Task item: Restate each of the lines below word for word and drop every picture.

Material provided:
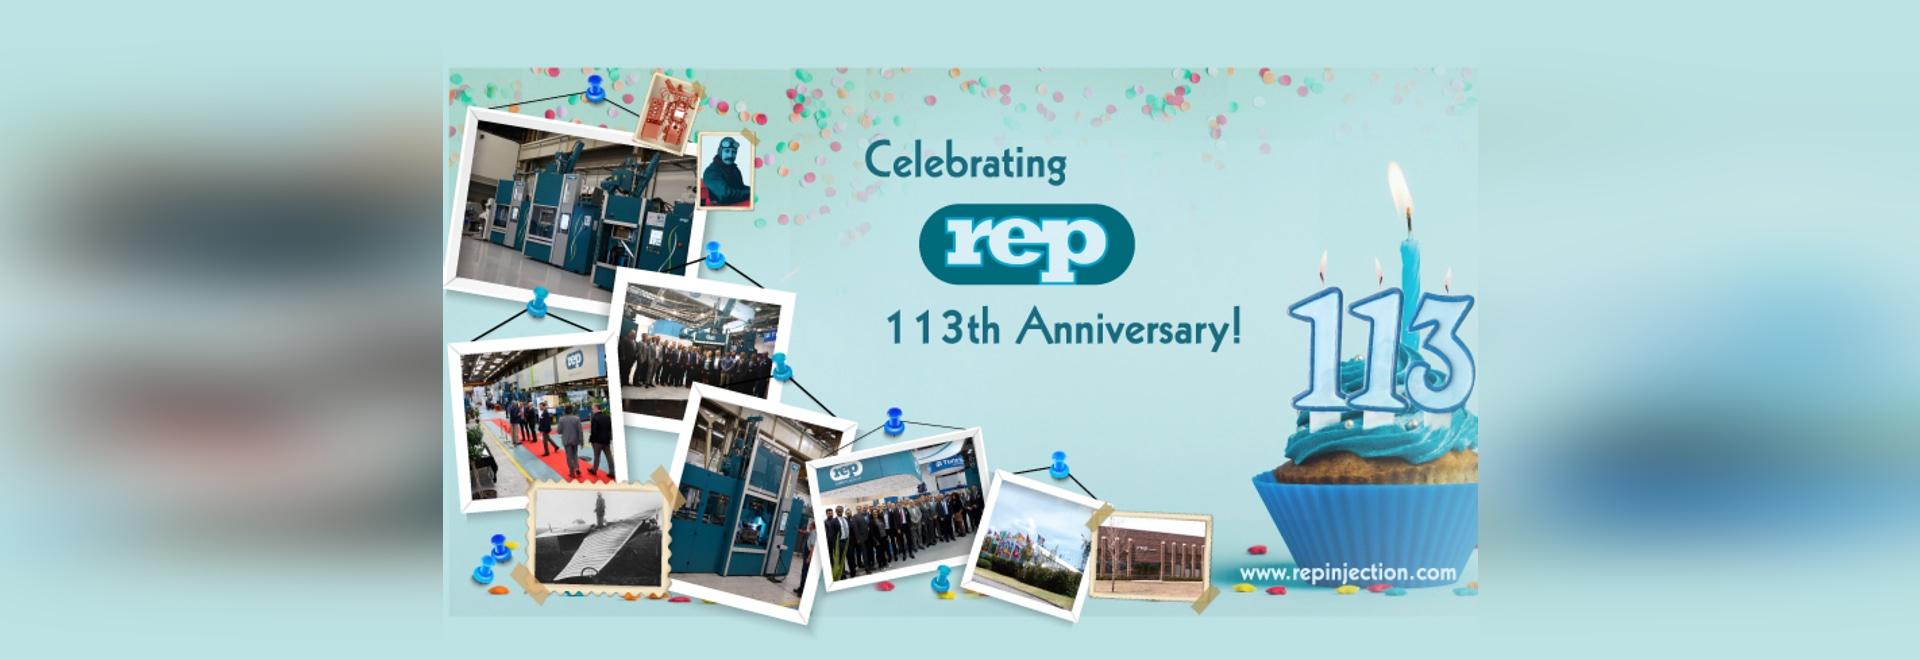 Celebrating REP 113th Anniversary!
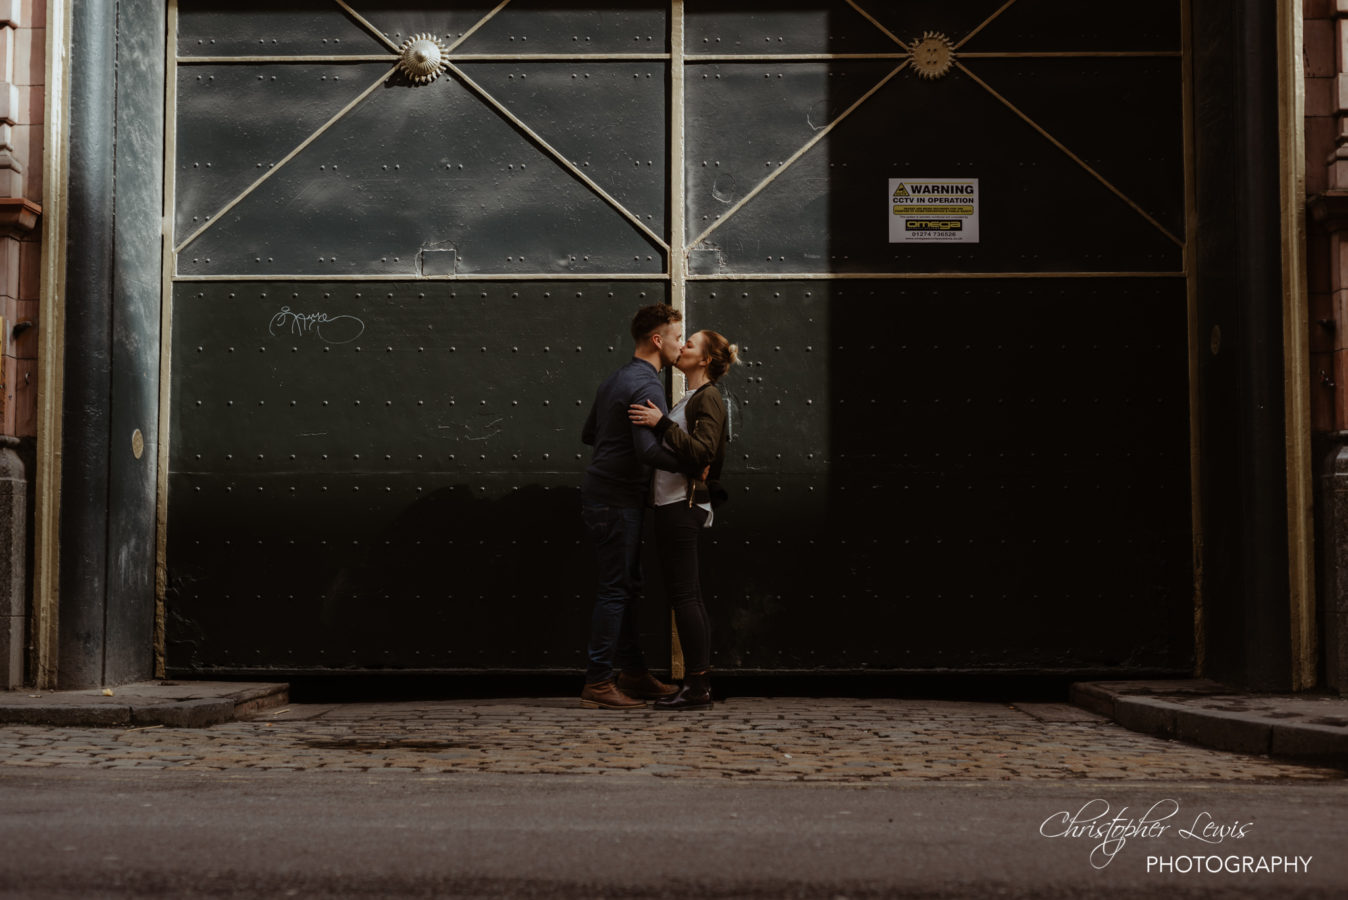 Northern-Quarter-Manchester-Pre-Wedding-Photoshoot-7
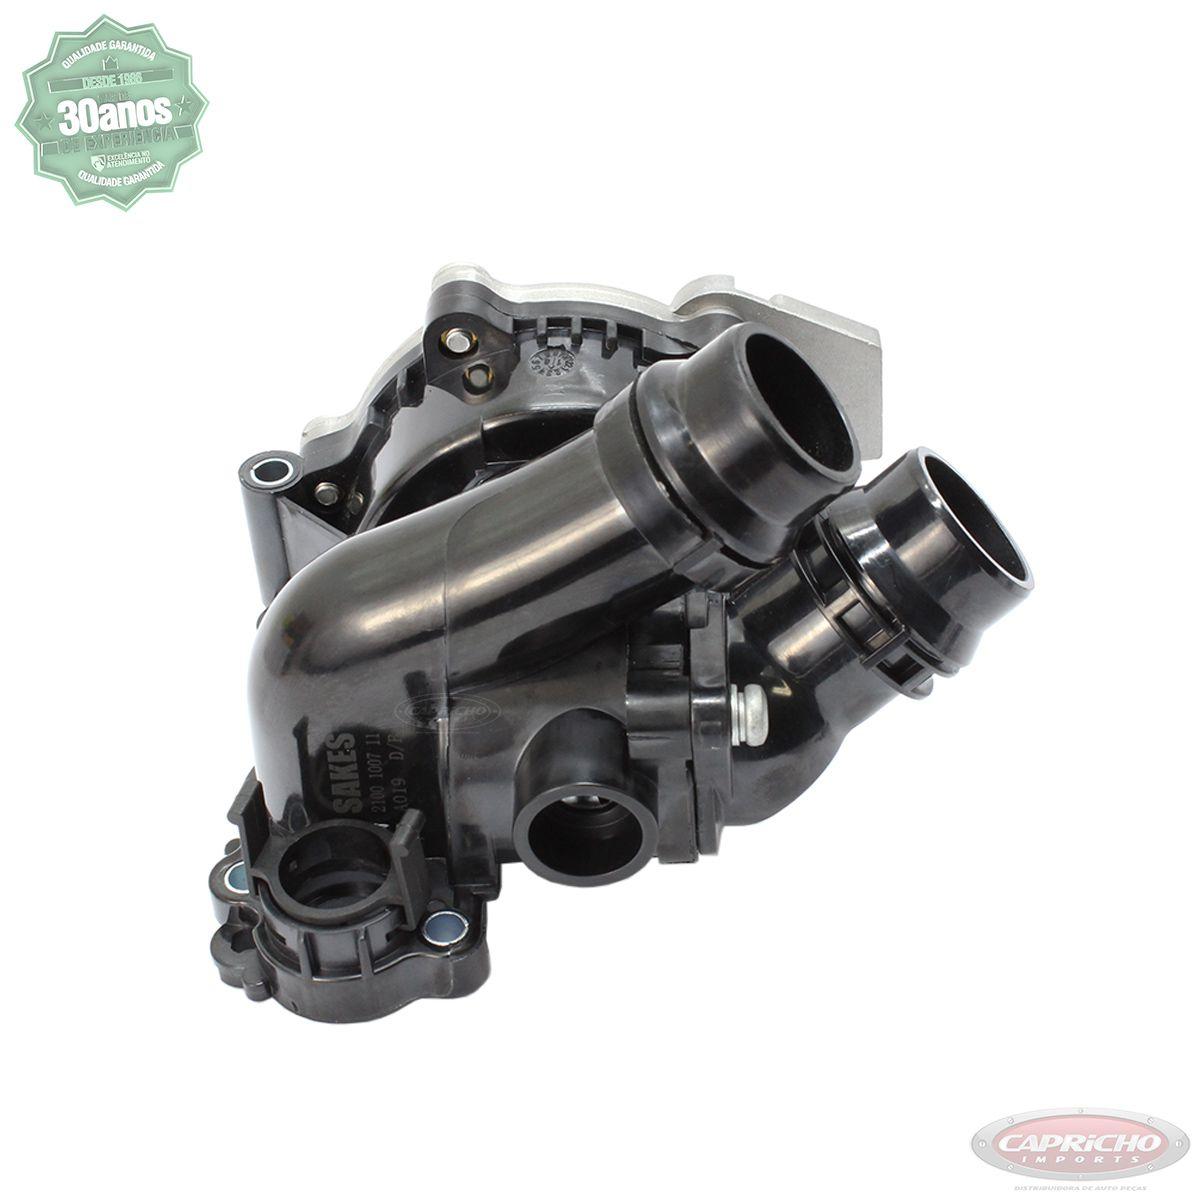 Bomba D'água Completa - Volkswagen / Audi

Solution to the exercise:
 Celebrating REP 113th Anniversary!
 Northern-Quarter-Manchester-Pre-Wedding-Photoshoot-7
 Bomba D'água Completa - Volkswagen / Audi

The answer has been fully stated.